The task |
Pictures are to be dropped. Everything else in the listing gets copied exactly.

Data provided Block Start

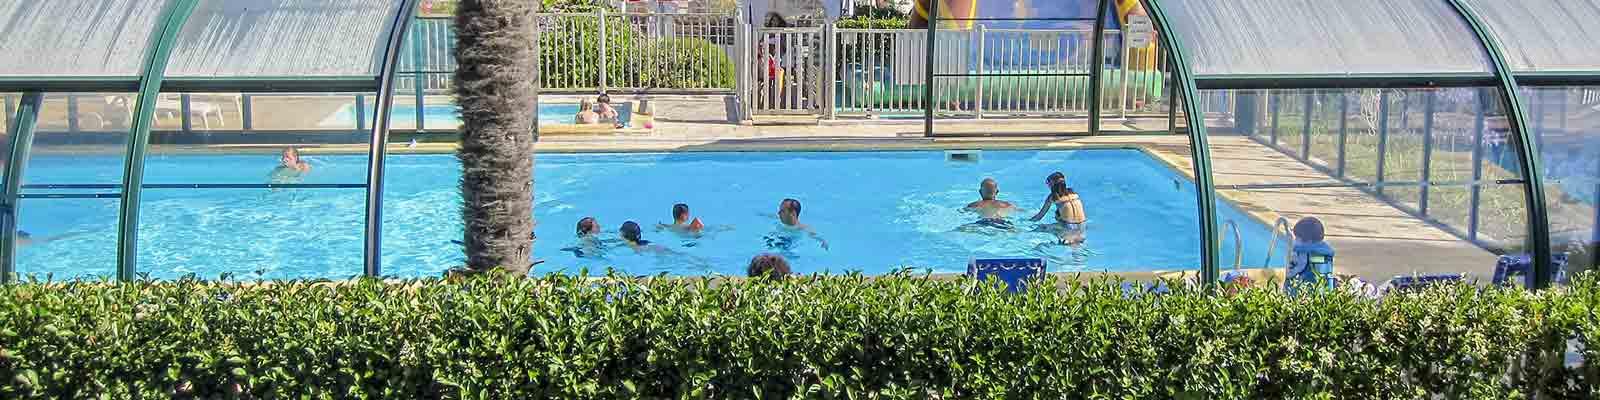 Camping avec piscine Bretagne
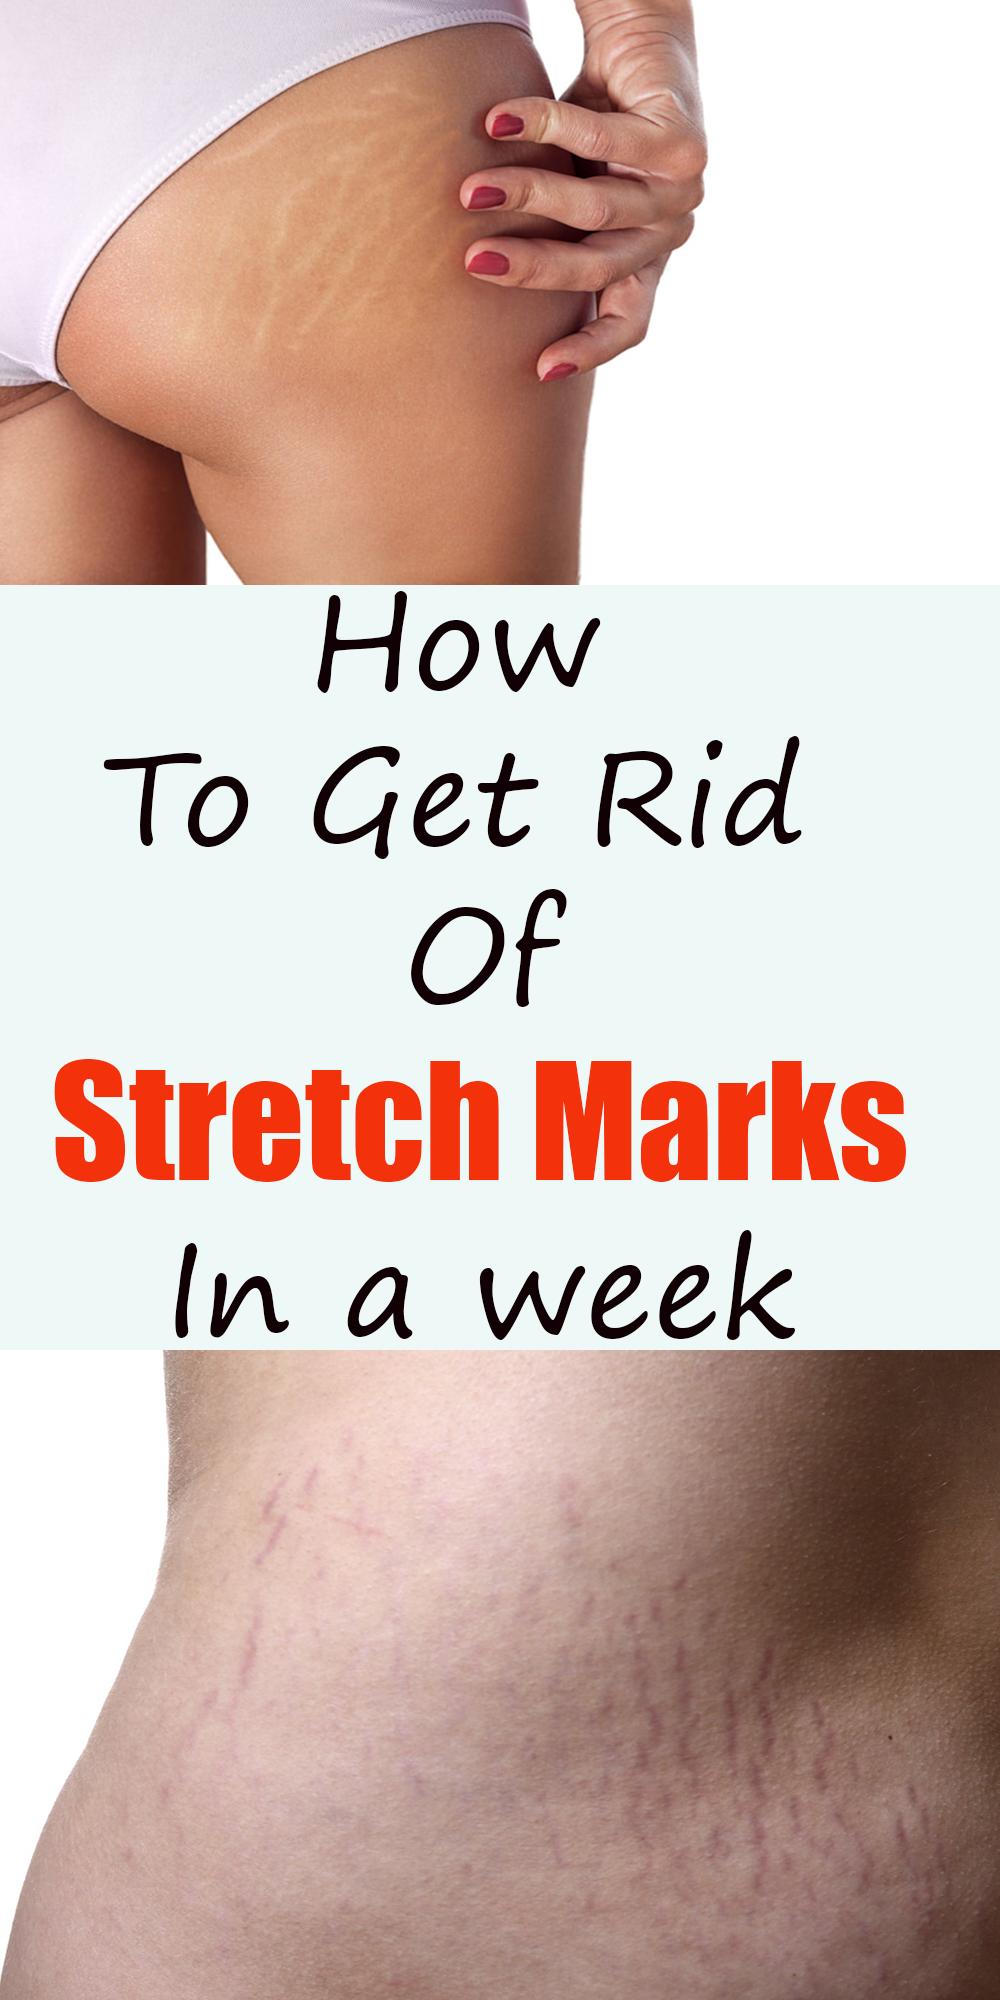 e13a5c42717ec76aacef263efad41e4c - How To Get Rid Of Stretch Marks Under Armpits
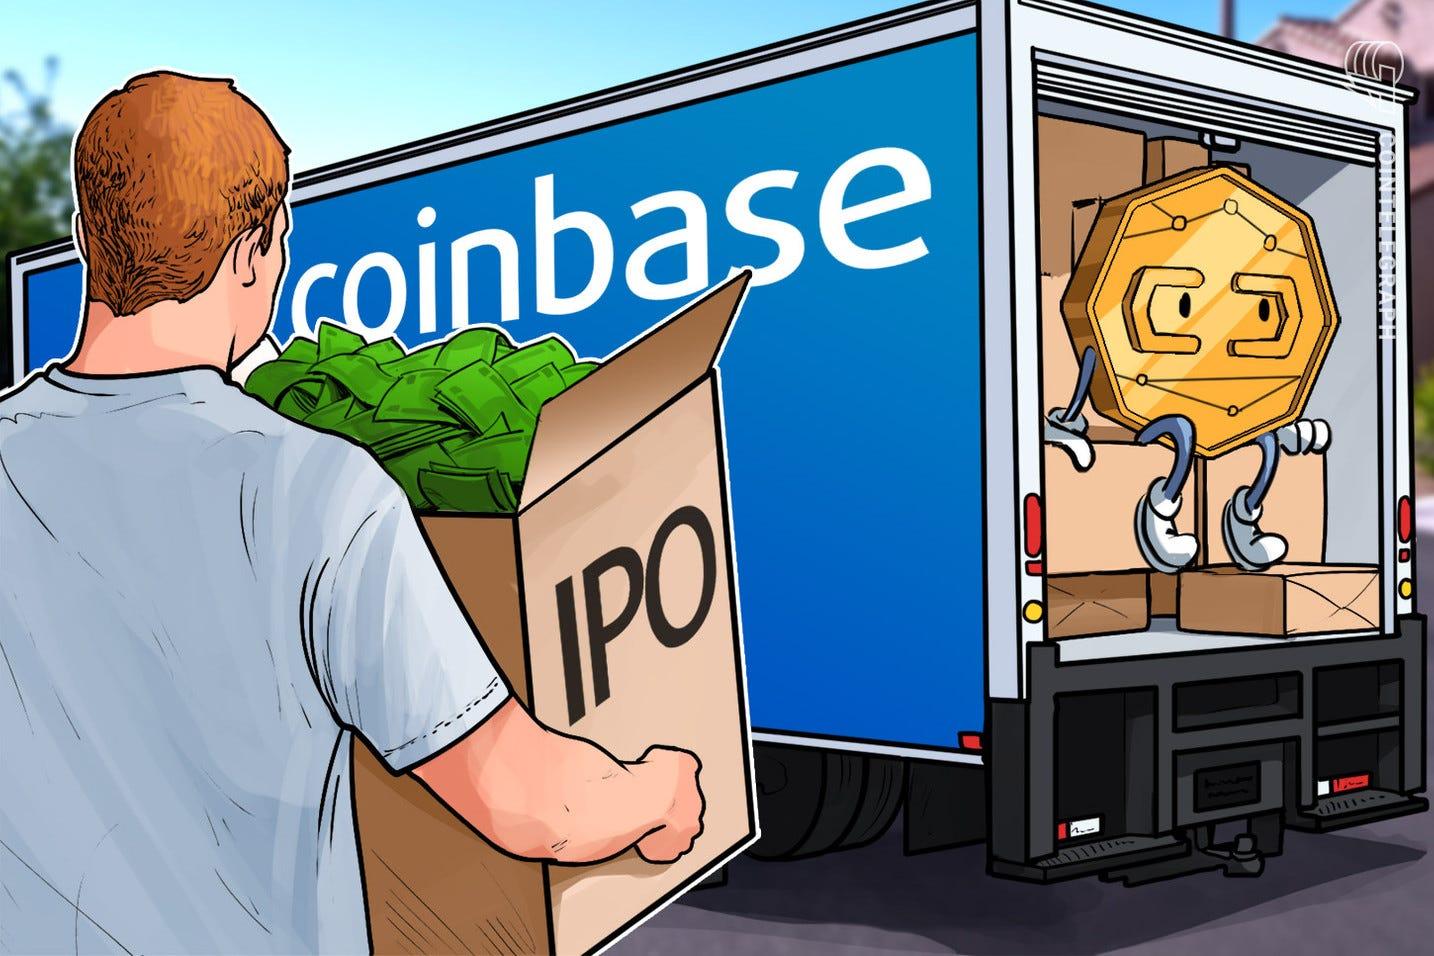 Messari values Coinbase at $28 billion following IPO filing
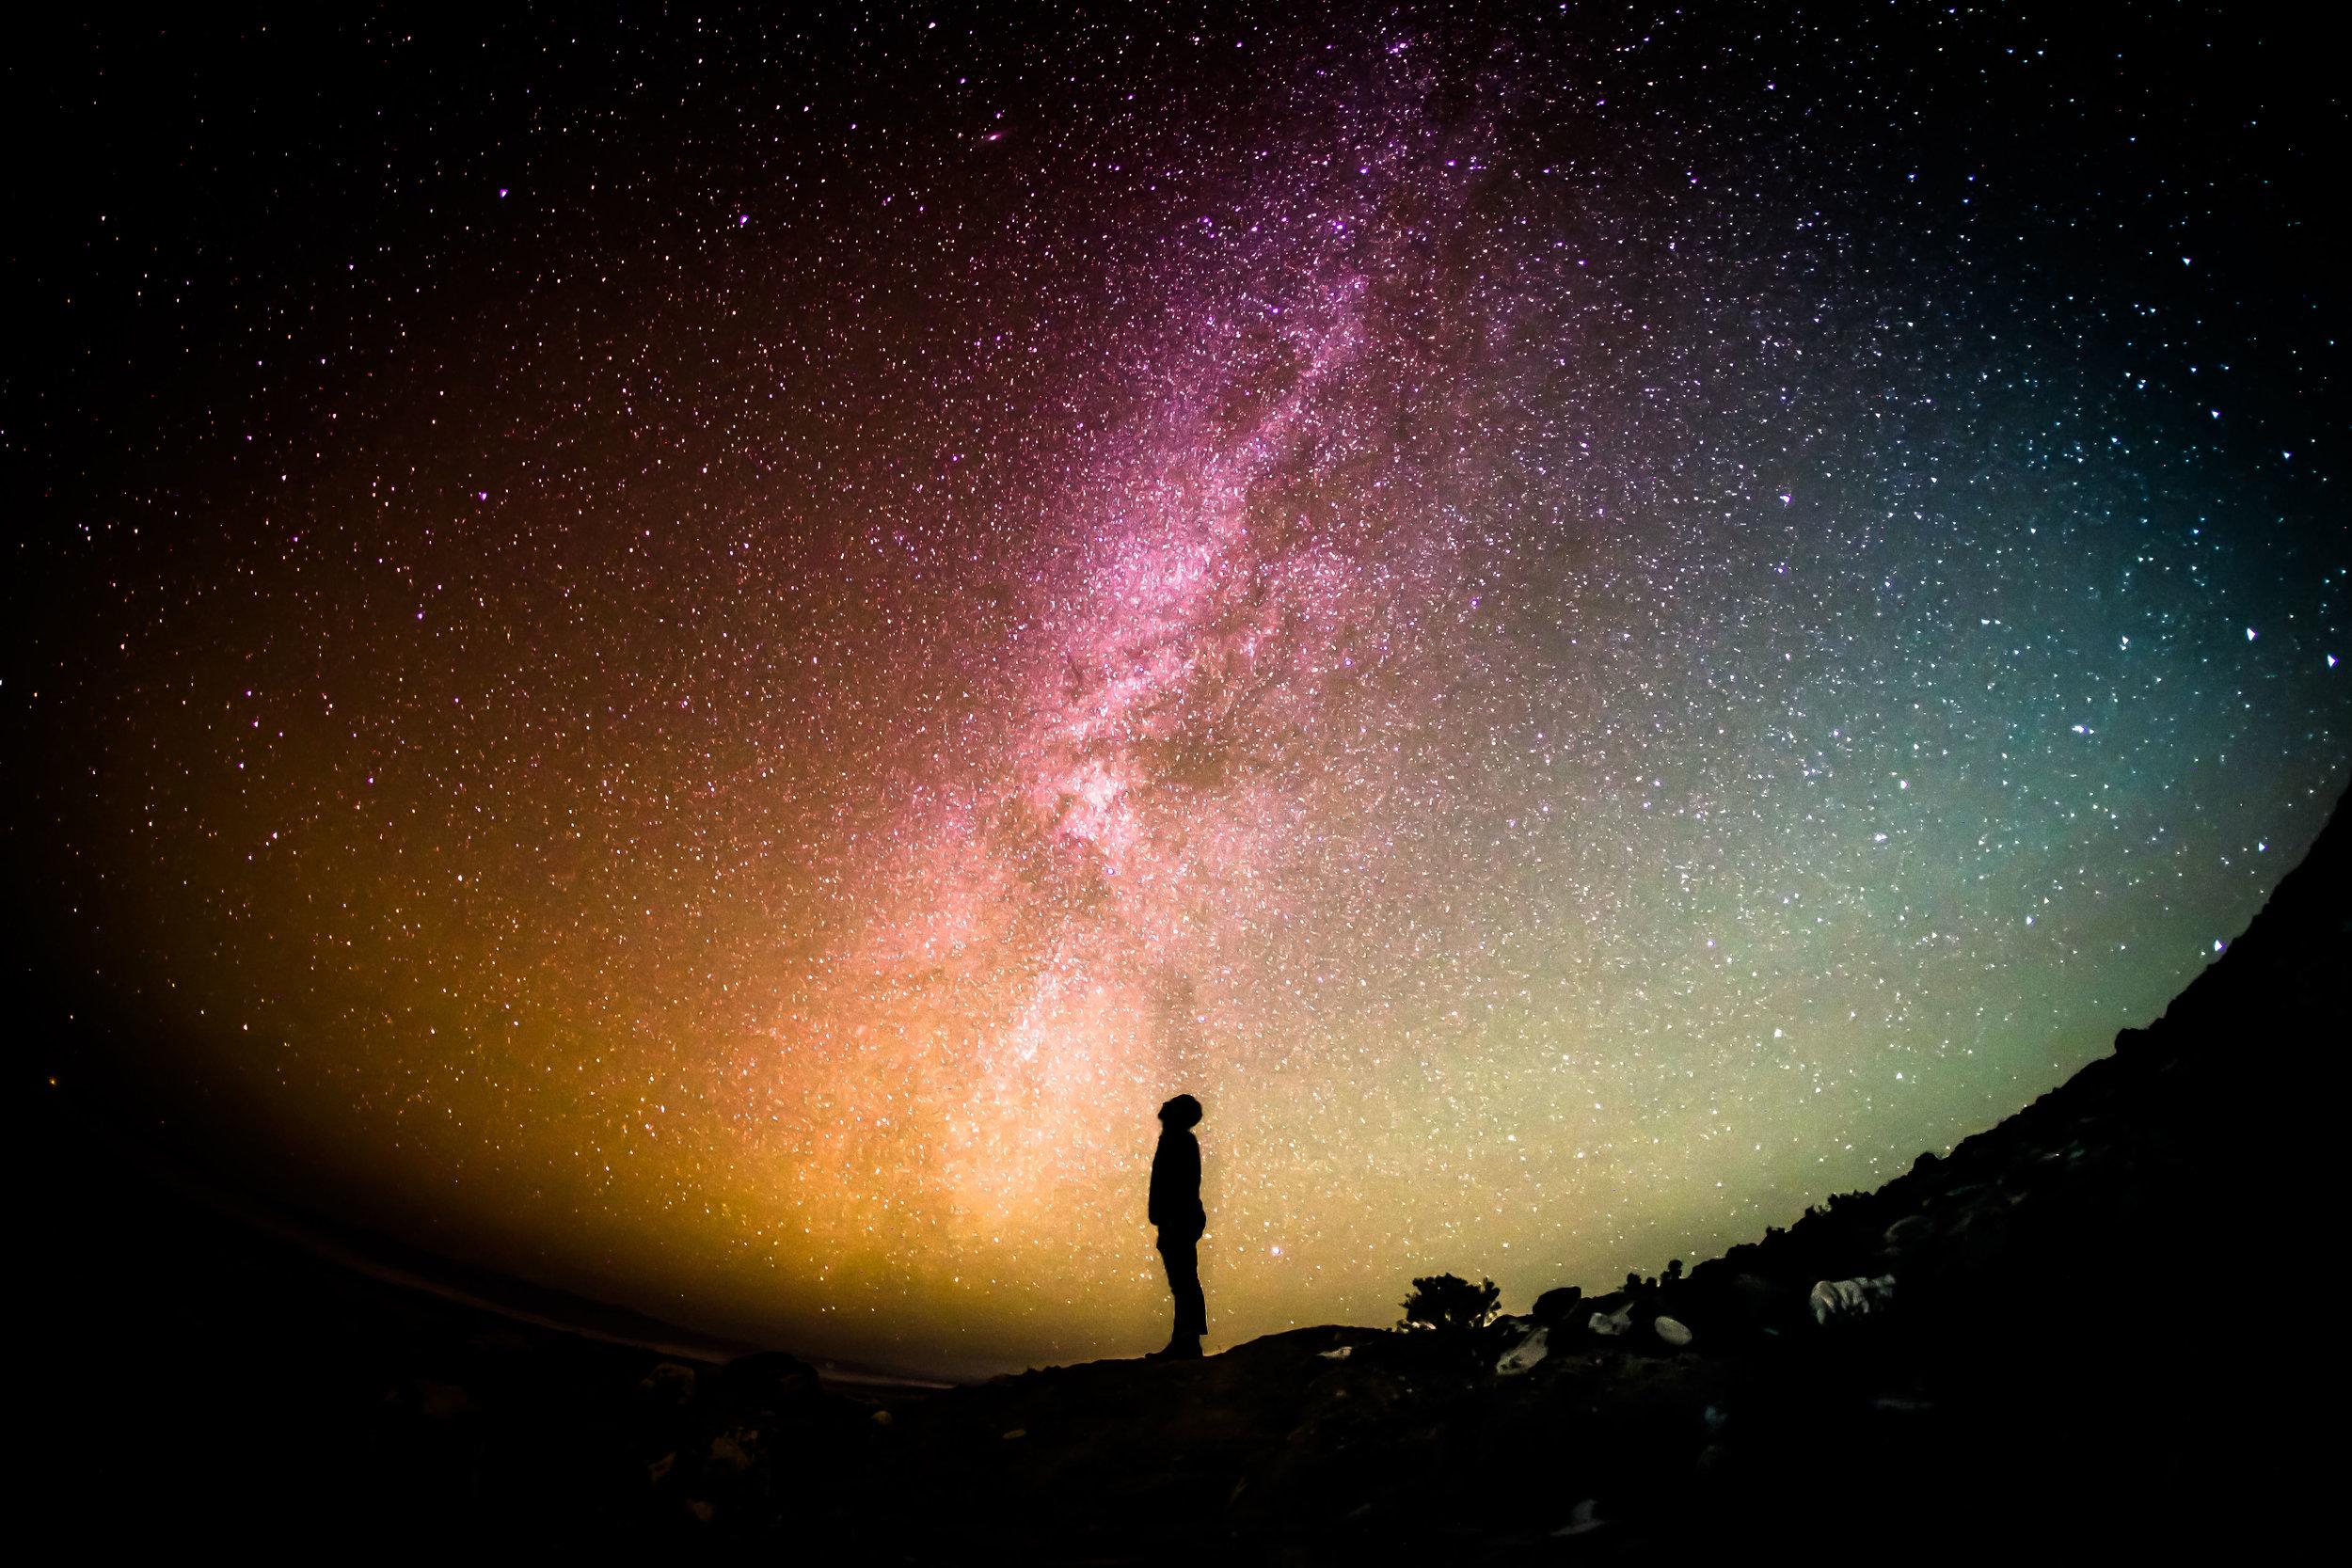 - Snart är det dags för gratis spirituell vägledning

Data provided Block End

Response to the exercise |
 Camping avec piscine Bretagne
 e13a5c42717ec76aacef263efad41e4c - How To Get Rid Of Stretch Marks Under Armpits
 Messari values Coinbase at $28 billion following IPO filing
 - Snart är det dags för gratis spirituell vägledning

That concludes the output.